A Physical Computing Studio Brief That Actually Works: A Template for Industrial Design Instructors

A complete, pressure-tested studio brief for teaching physical computing to second-year industrial design students, with weekly structure, deliverables, assessment guidance and adaptation notes.


Every ID department has had the same conversation. Someone at a faculty meeting says "we should really be teaching physical computing in the second-year studio." Heads nod. A pilot gets penciled in for next semester. Next semester arrives and the pilot quietly becomes the semester after that, because nobody has time to write the brief.

The brief is the bottleneck. Not the budget, not the hardware, not the students. It is the twelve-page document that has to balance design rigor with realistic technical scope, predict where students will get stuck, lay out deliverables that can actually be assessed and survive the specific chaos of your program. Writing one from scratch takes forty hours of thinking you do not have.

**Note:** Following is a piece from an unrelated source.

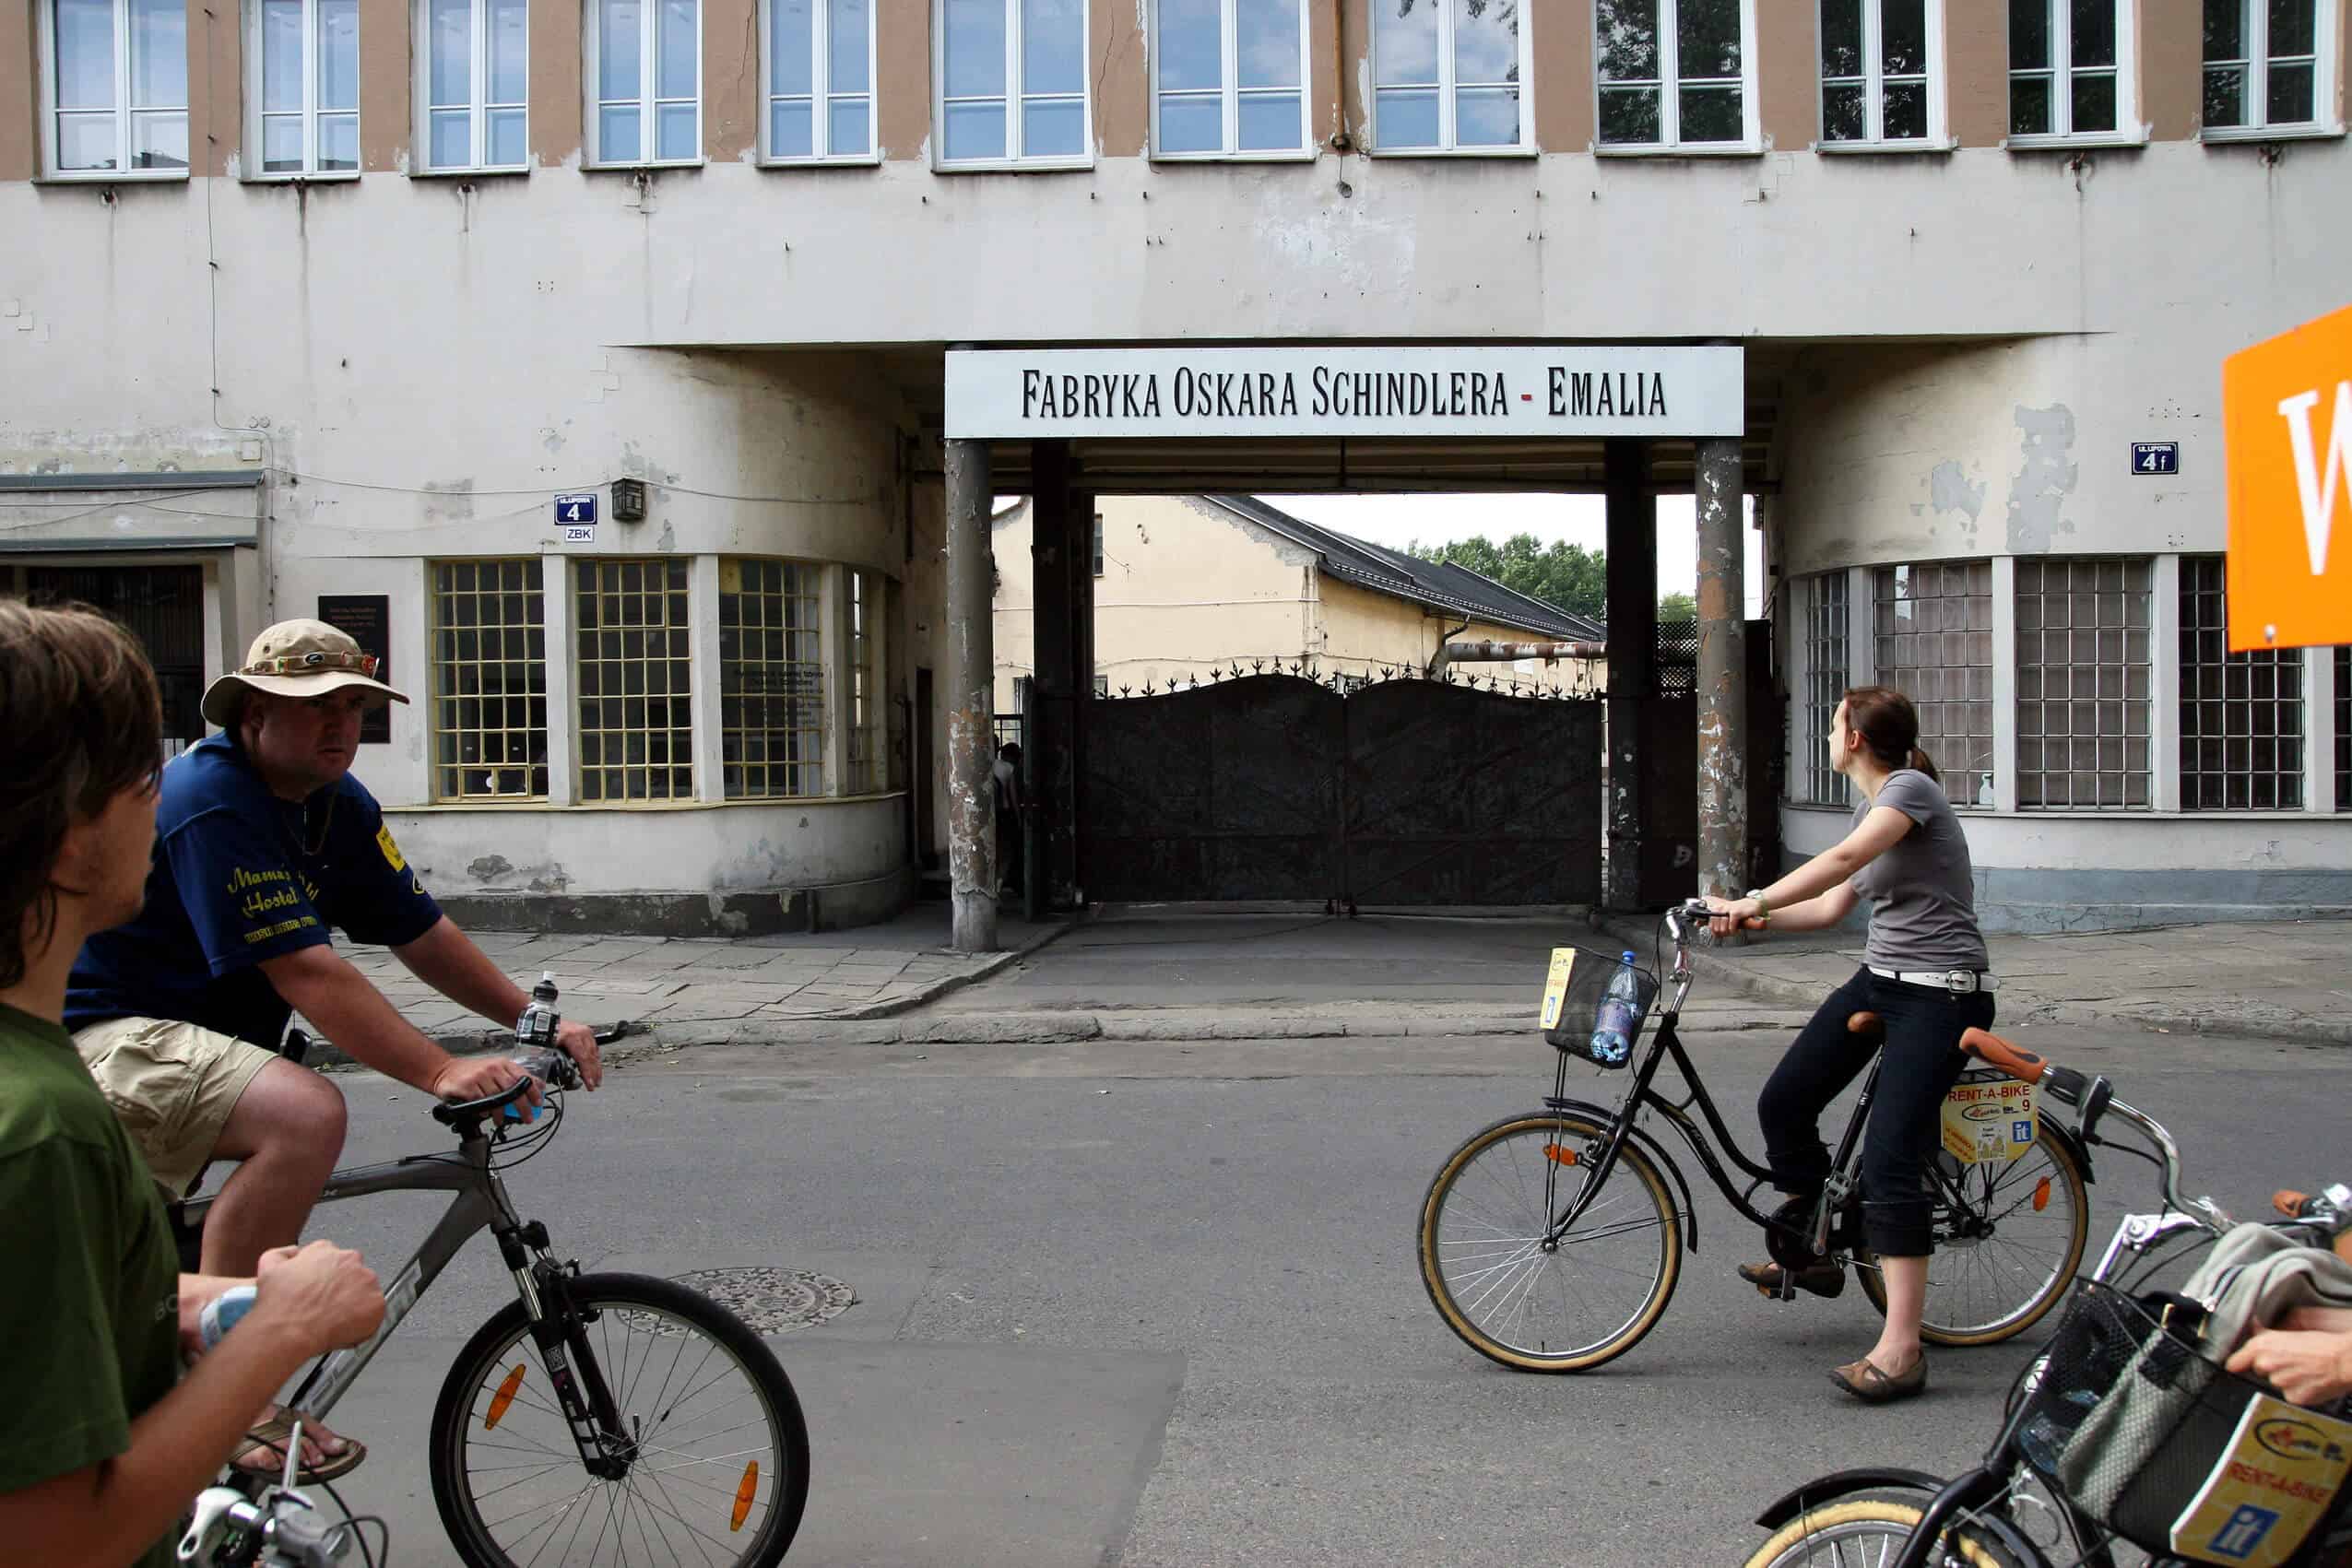 Main building entrance to Oscar Schindlers factory in Krakow, Poland / Photo: Shutterstock - Gurer Sumer

So here is one you can take. It is the brief most instructors wish someone had handed them the first time they ran an interactive product studio. It is opinionated, it will not fit every program perfectly and it is designed to be modified. Everything in it has been pressure-tested in real studios with real students who had never touched a microcontroller before.

The commentary in the margins of this post explains why each section is written the way it is, so you can make informed decisions when you change things.

The brief

Course: Interactive Product Studio (second-year ID) Duration: 6 weeks (of a 15-week semester) Cohort size: 12 to 20 students Prerequisites: one previous studio, basic CAD, no programming experience assumed

Overview

Design and build a small interactive object that responds to a single human action through a single sensed input. The object should demonstrate a deliberate relationship between form, material and behavior. It must work as a physical prototype during a final critique and be documented as a portfolio-ready artifact.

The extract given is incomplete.